Dans L’anniversaire nous retrouvons des
micro-récits qui s’entrecroisent avec au centre l’histoire de cet architecte
qui rêve d’une « cité verte », une forme d’utopie : cela sonne
comme une métaphore de toute une génération, la vôtre notamment qui a porté le
rêve d’une nouvelle « architecture sociale »
Latif Lahlou dans son bureau à Casa (photo bakrim, 2014)
Votre observation est fort pertinente et reflète avec justesse mon propos. C’est
vrai que depuis mon adolescence je rêve d’une société juste qui respecte la
dignité de l’individu et qui glorifie l’humanisme que chacun de nous porte
profondément dans son fort intérieur…
La cité verte de mon architecte, ancien
militant de gauche est une utopie : c’est vrai c’est un rêve magnifique
auquel on voudrait tous croire et qui pourrait arriver un jour sous une forme
ou une autre – qui sait- ?
Notre personnage, - était prêt à faire des
concessions – douloureuses certes mais utiles
lui semble –t-il, pour concrétiser son projet mais…la réalité est autre et les
affaires sont les affaires…Il faudra qu’il trouve d’autres moyens…

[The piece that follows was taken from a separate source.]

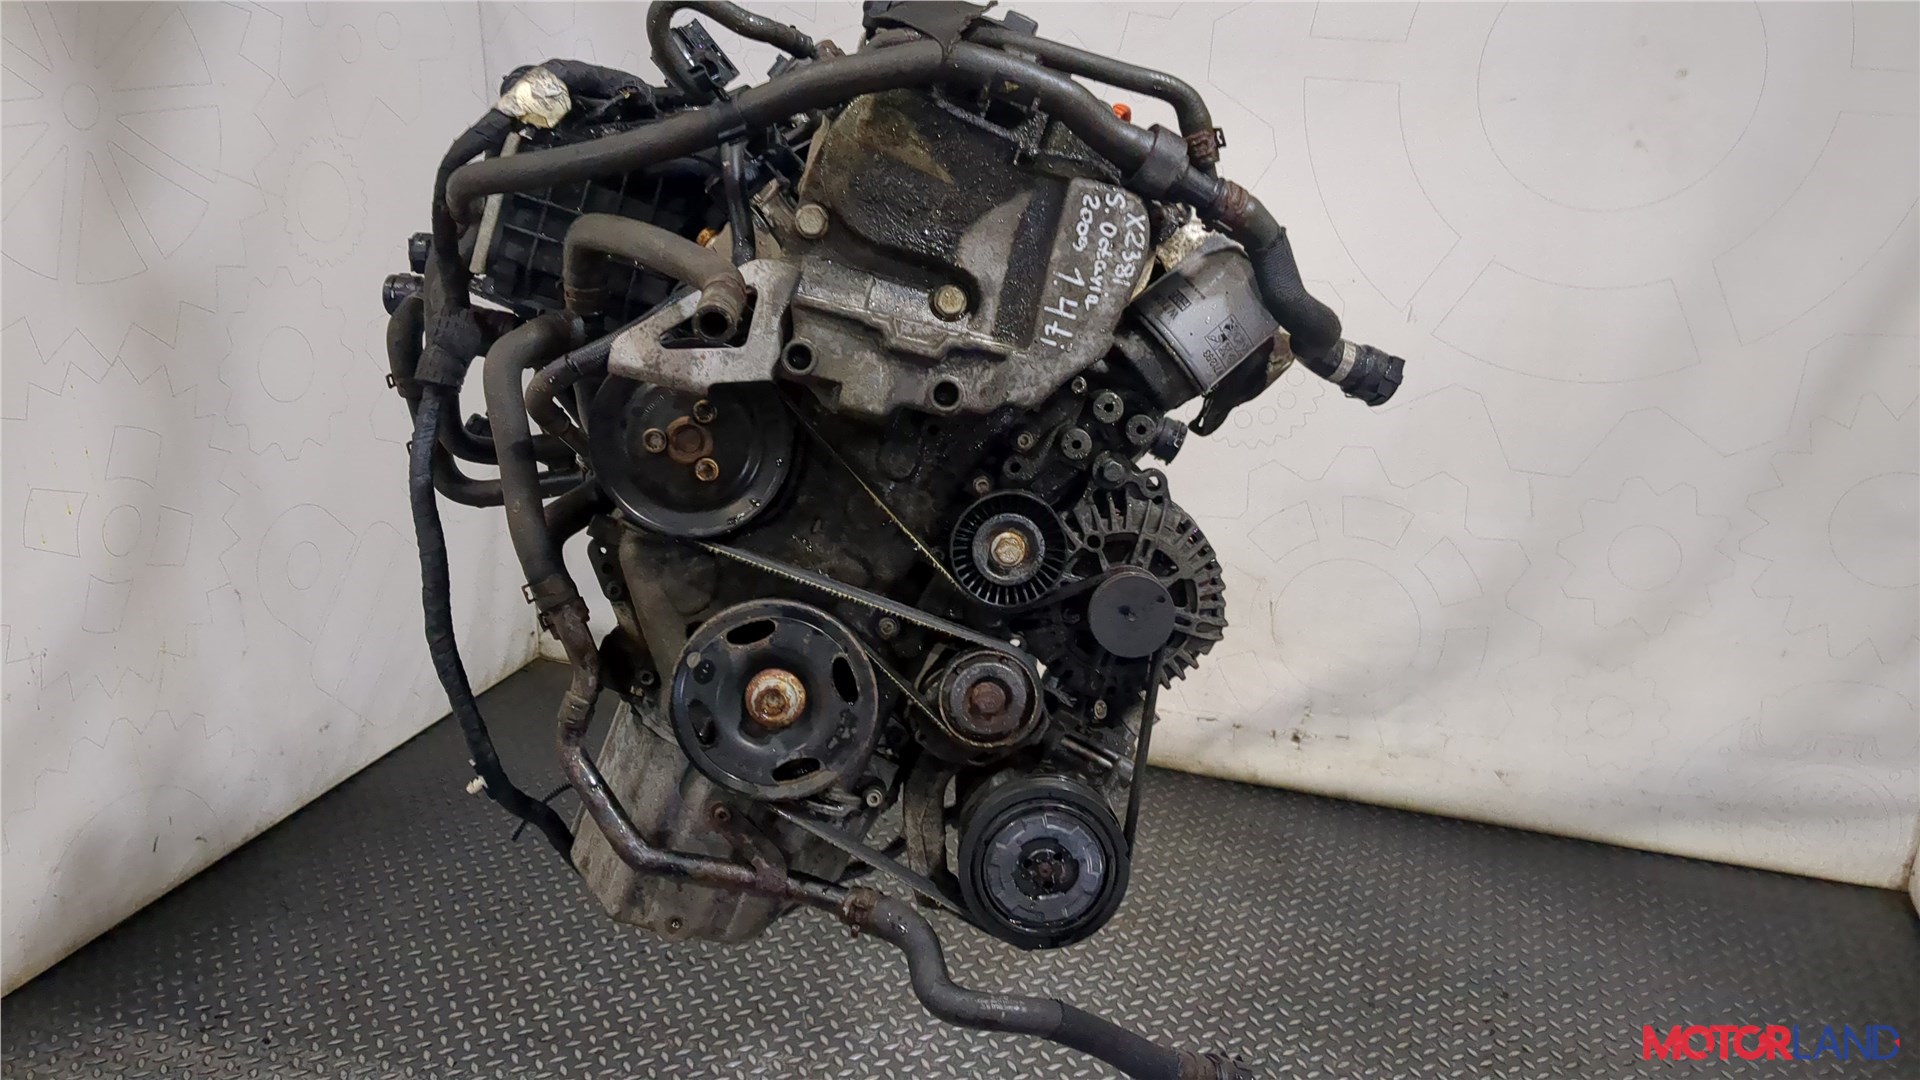 Какой двигатель у Skoda Octavia RS?

Regardons autour de nous…Nous vivons tous cette
réalité cruelle et le film ne fait que relater – à ma façon – cette réalité.
Le film offre une image dure des politiques,
ceux issus de la gauche notamment ?
Beaucoup de nos politiciens ont été militants
de gauche durant leur jeunesse et maintenant ils s’inscrivent dans des courants du libéralisme et de conservatisme politique et culturel.
Est – ce à dire que le romantisme progressiste
n’existe qu’à 20 ans et que pour passer à ce qu’on appelle l’âge de raison, il
faut revenir en arrière et adopter une position passéiste et rétrograde ? Je ne veux pas
m’inscrire dans ce courant et continue avec
la relalitivisation et la retenue
nécessaires à être convaincu que l’avenir de l’humanité réside dans le progrès
des idées modernes tournées vers le futur.
C’est vrai que beaucoup d’intellectuels de
gauche ont déçu par ce qu’ils se sont bien embourgeoisés et se sont enfermés dans l’opportunisme
politique et l’arrivisme – tous aujourd’hui professent une idéologie
progressiste chargée d’humanisme politique lorsqu’ils parlent en leur
« nom personnel » mais dès qu’il s’agit d’attitude ou de position
publique décisionnaire, leur discours change, devient plus conformiste et son
contenu se dilue dans le sable….
Encore une fois, regardons autour de nous…il n’y
a qu’opportunisme, arrivisme et égocentrisme – cela ne peut que décevoir…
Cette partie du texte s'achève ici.